Available Generators#

Generator

Speed

Quality

Use Case

Basic LLM

Fast

Good

Self-hosted, simple setups

Claude Code

Slower

Excellent

Complex tasks, learning

Mock

Instant

N/A (Fixed)

Testing only

See Basic LLM Generator, Claude Code Generator, and Mock Generator for detailed documentation.

Generator Selection#

Factory Pattern#

Generators are created using a factory that handles discovery and instantiation:

from osprey.services.python_executor.generation import create_code_generator

# Use configuration from config.yml
generator = create_code_generator()

# Or provide custom configuration
config = {
    "execution": {
        "code_generator": "claude_code",
        "generators": {"claude_code": {"profile": "fast"}}
    }
}
generator = create_code_generator(config)

Factory Features:

  • Automatic registry discovery for custom generators

  • Graceful fallback when optional dependencies missing

  • Configuration-driven selection

  • Consistent initialization

Configuration-Driven Selection#

Configure in config.yml:

osprey:
  execution:
    code_generator: "basic"  # or "claude_code", "mock", custom name

    generators:
      basic:
        model_config_name: "python_code_generator"
      claude_code:
        profile: "fast"
      mock:
        behavior: "success"

The executor service automatically uses the factory to create the configured generator.

Decision Guide#

Choose Basic LLM when:

  • Self-hosted model support needed

  • Minimal dependencies preferred (no Claude SDK)

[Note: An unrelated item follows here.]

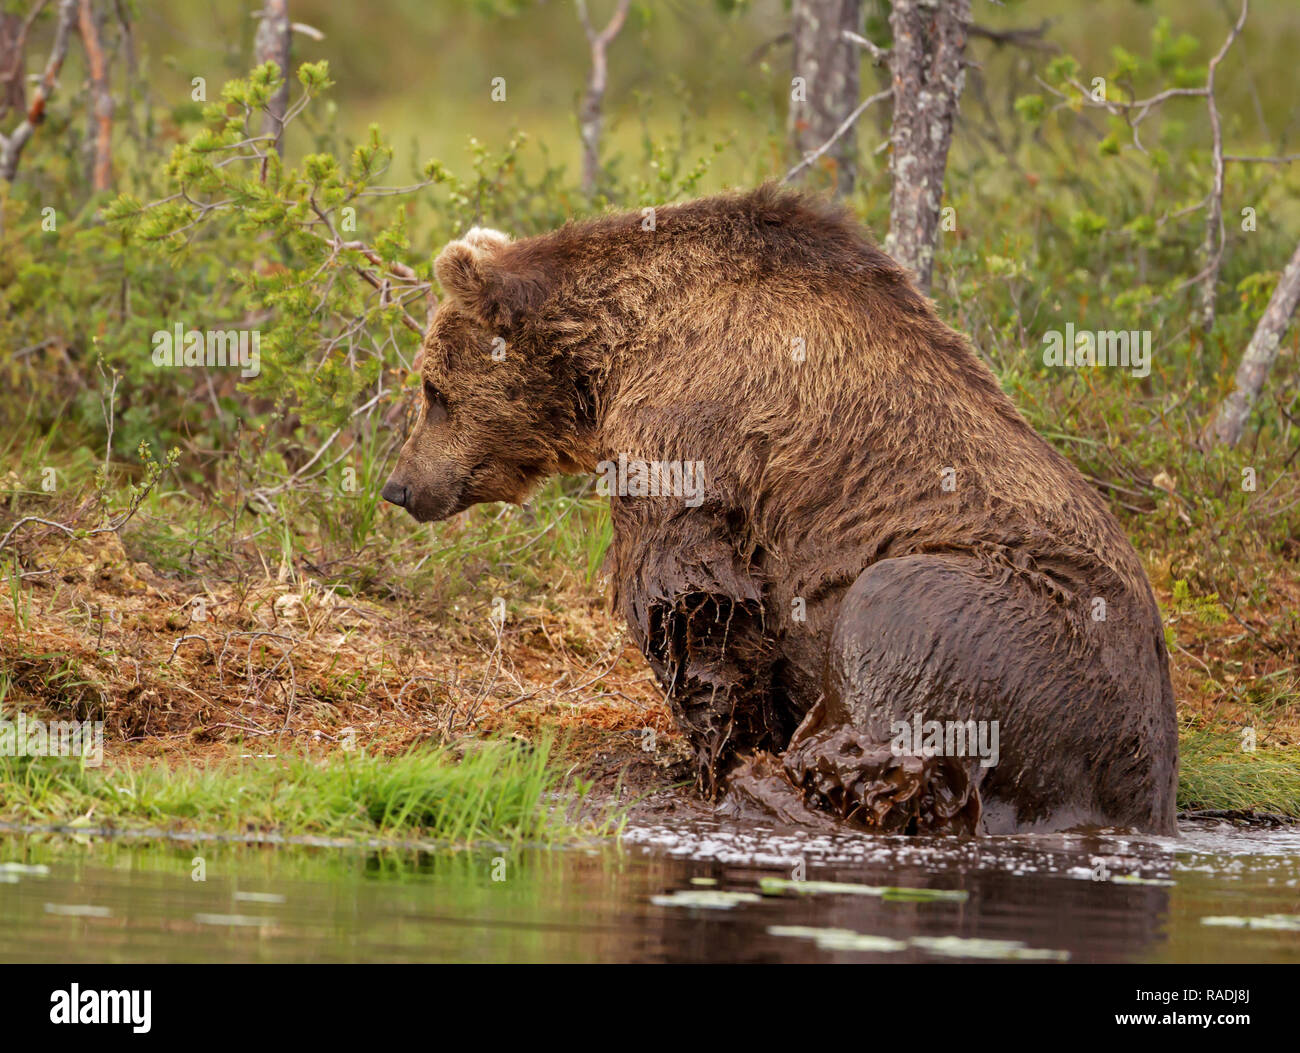 Eurasian orso bruno salendo sulla riva da acqua dopo il nuoto in stagno, estate in Finlandia. Foto Stock
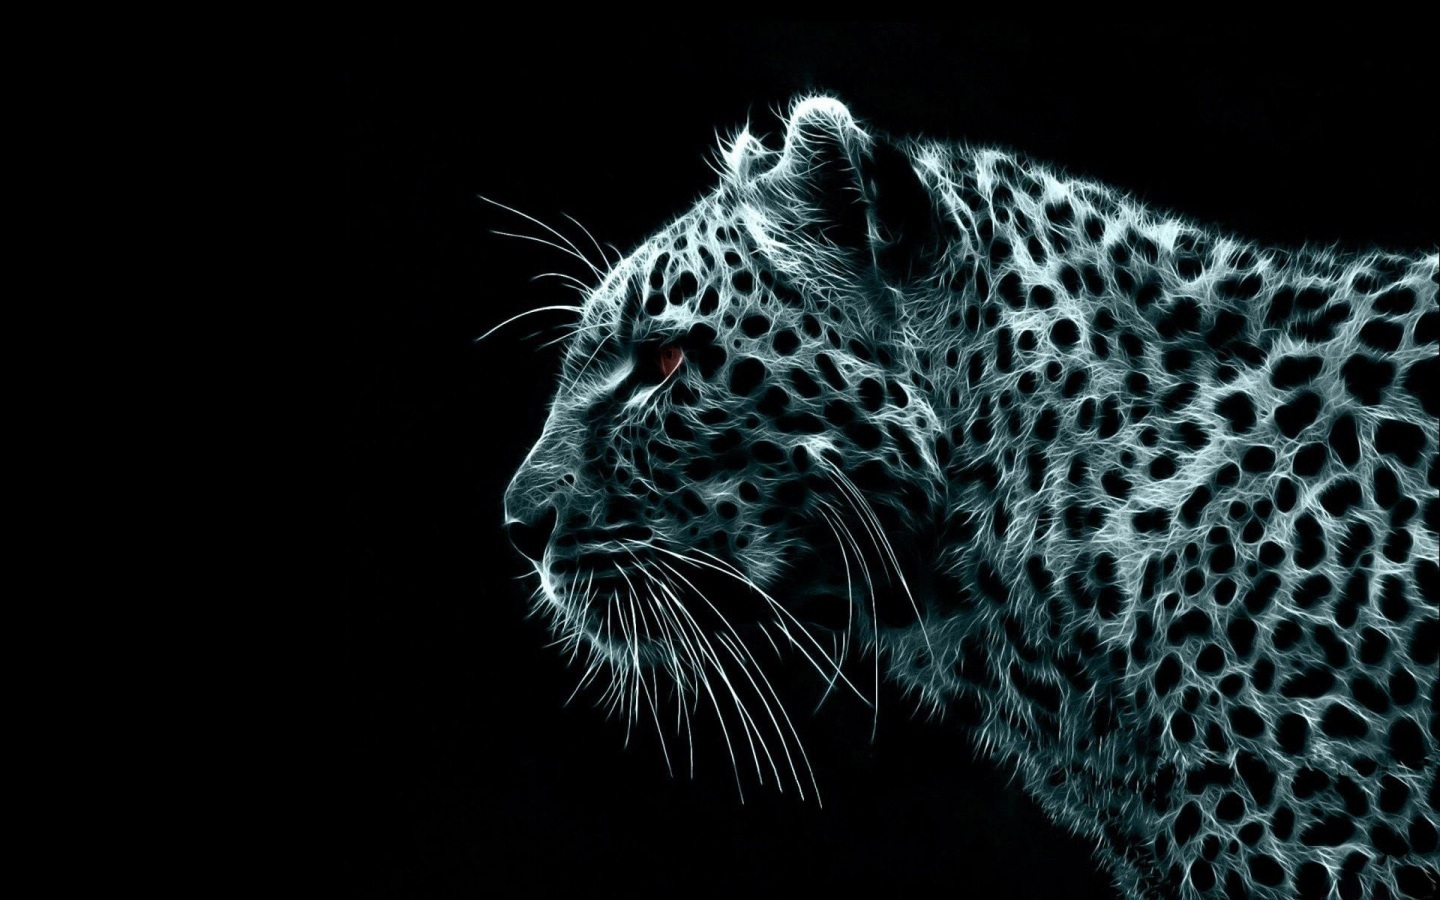 Leopard Snow Mac Papel De Parede Cool Background Puters

  • Fast response times important

  • Simple, straightforward generation

Choose Claude Code when:

  • Tasks require multi-step reasoning

  • Have successful examples to learn from

  • Code quality paramount

  • Can accept longer generation times

Choose Mock when:

  • Writing tests for Python executor

  • Developing capabilities locally

  • Running CI/CD pipelines

  • Need deterministic, fast generation

Creating Custom Generators#

Implementing the Protocol#

Create a class with the generate_code() method:

from osprey.services.python_executor.models import PythonExecutionRequest
from osprey.services.python_executor.exceptions import CodeGenerationError

class DomainSpecificGenerator:
    """Custom generator for domain-specific code generation."""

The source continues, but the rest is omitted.